The study, to be published in the Proceedings of the National Academy of Sciences,​ is providing detailed genetic explanations of how and why c-myb is essential for the proliferation of white blood cells by demonstrating that when it's removed, cell proliferation is impaired and the risk of developing cancer is reduced.

Dr Prem Reddy, lead author of the study told DrugResearcher.com​: "Research work carried out in the last 10 years has shown that c-myb is essential for the proliferation of most leukaemias."

"This study is another step in the process of validating the c-myb gene as a potential target for new cancer drugs."

The team's ultimate goal is to develop a drug that blocks the harmful activity of this gene, blocking the proliferation of tumour cells that depend on the activity of this protein.

"At the moment we are developing additional animal models to establish the role of this gene in breast cancer, which will also be useful in testing the small molecule inhibitors for cancer therapy,"​ Reddy commented.

"Developing a small molecule inhibitor of Myb would be a major breakthrough."

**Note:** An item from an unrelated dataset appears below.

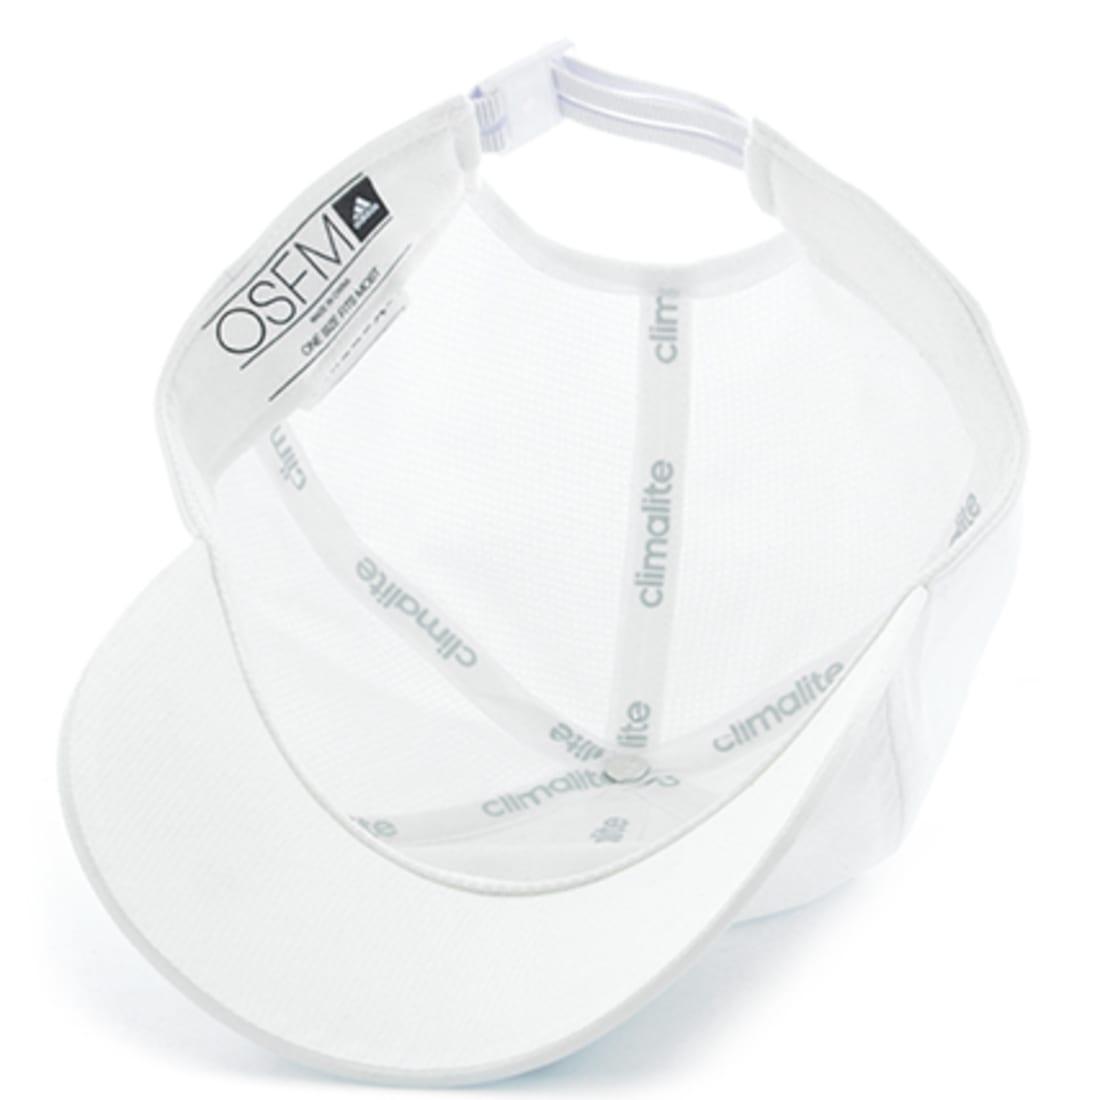 adidas Casquette 3 Stripes Climalite S97596 Blanc Noir

The team are currently are working with Onconova Therapeutics to develop this class of inhibitors and develop them to market.

About 41 per cent of the patients will have chronic leukemia - an estimated 7,800 chronic lymphocytic leukemia (CLL) cases and 4,500 chronic myelogenous leukemia (CML) cases. In addition, hairy cell leukemia (HCL), a slow-growing lymphocytic cancer, will account for about 604 cases (2 per cent of all leukaemias). It is estimated that approximately 22,000 American adults and children will die of leukemia each year.

Chronic leukemia, like many other cancers, is a "disease of old age"​ The average age of individuals with chronic lymphocytic leukemia (CLL) is roughly 70 years, and the average age of chronic myelogenous leukemia (CML) patients is 40 to 50 years. By contrast, acute lymphocytic leukemia (ALL) is largely a pediatric disease, usually appearing in children who are under 10 years of age.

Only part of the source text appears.